Start of SUPPLIED INFORMATION

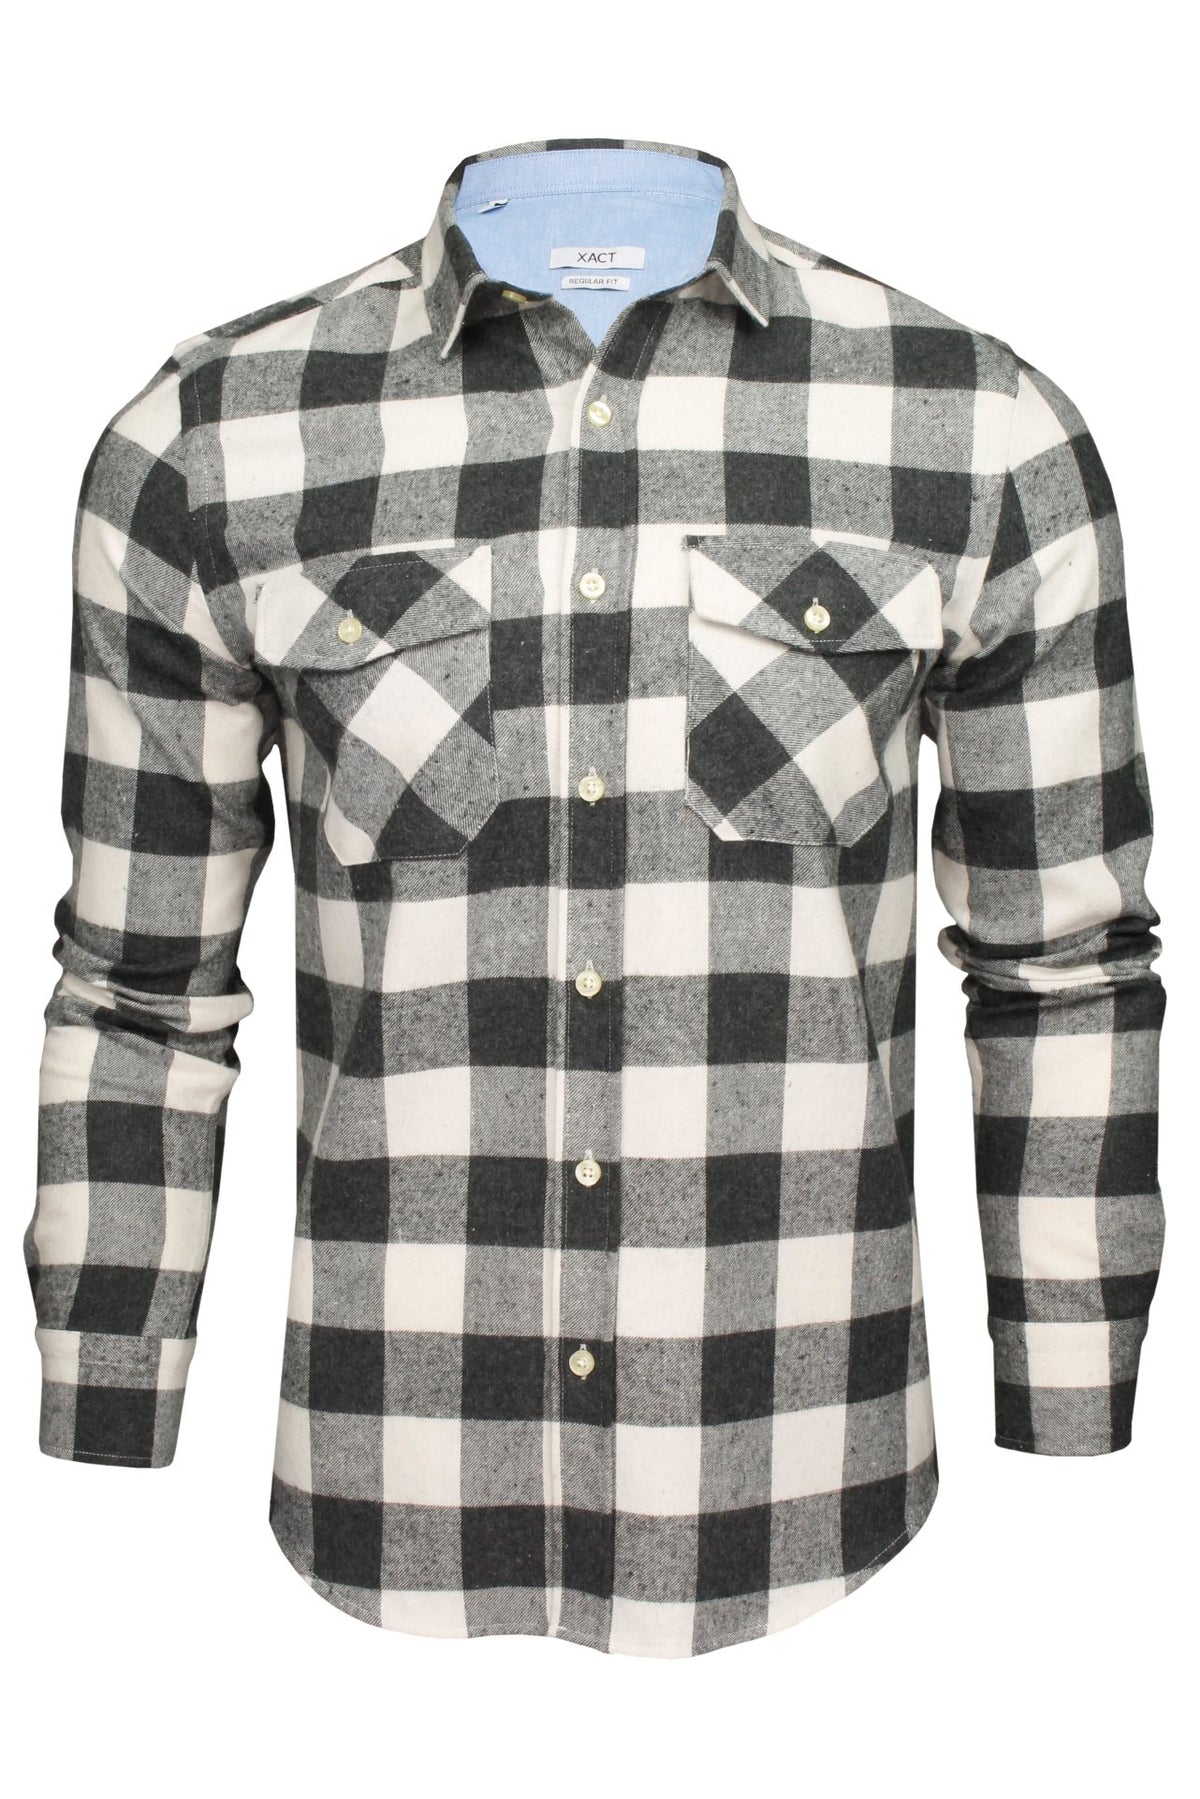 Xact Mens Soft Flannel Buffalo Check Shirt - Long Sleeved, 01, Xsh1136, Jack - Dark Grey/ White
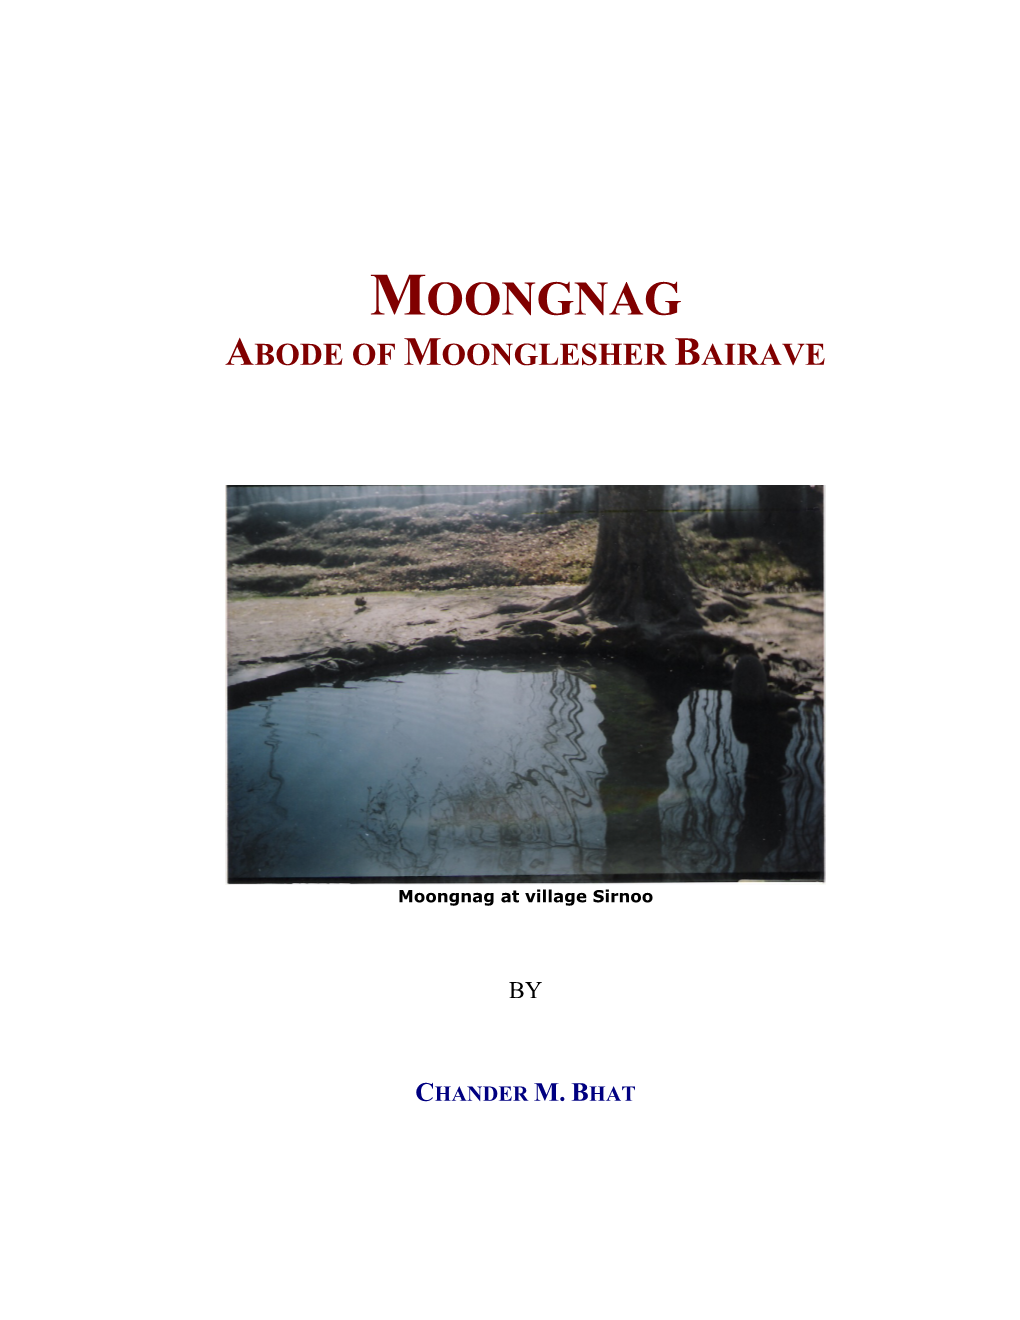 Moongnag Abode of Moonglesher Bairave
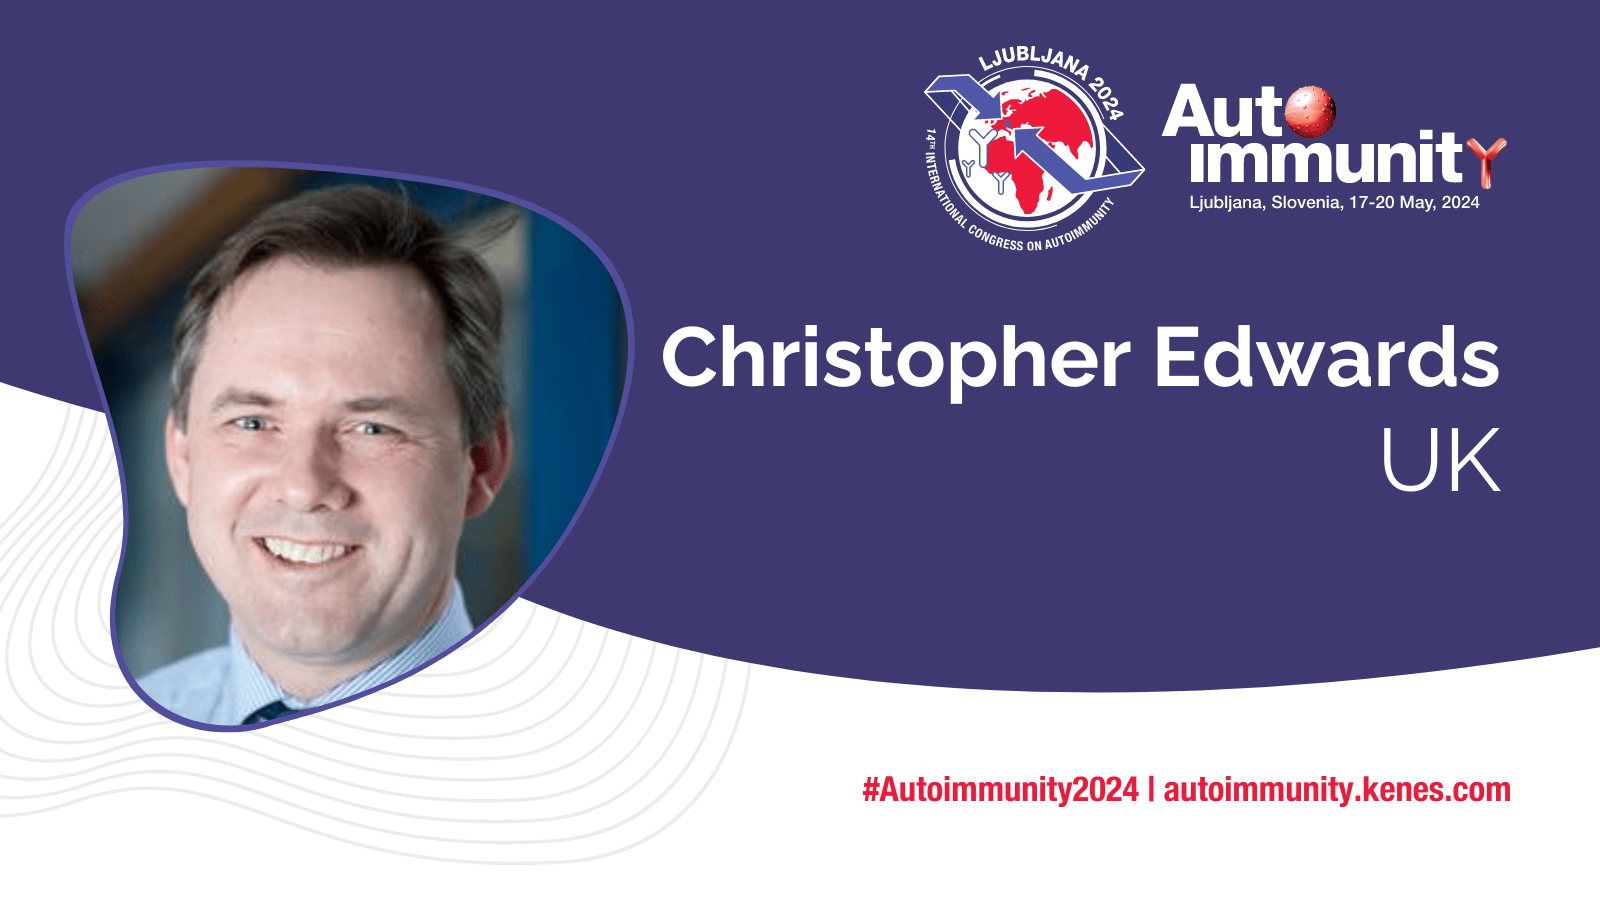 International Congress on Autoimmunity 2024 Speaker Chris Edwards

End of SUPPLIED INFORMATION

§ **WORK TO COMPLETE**
Your copy of the data above should match it exactly, apart from the images.

§ **TASK SOLUTION**
 Xact Mens Soft Flannel Buffalo Check Shirt - Long Sleeved, 01, Xsh1136, Jack - Dark Grey/ White
 Moongnag Abode of Moonglesher Bairave
 International Congress on Autoimmunity 2024 Speaker Chris Edwards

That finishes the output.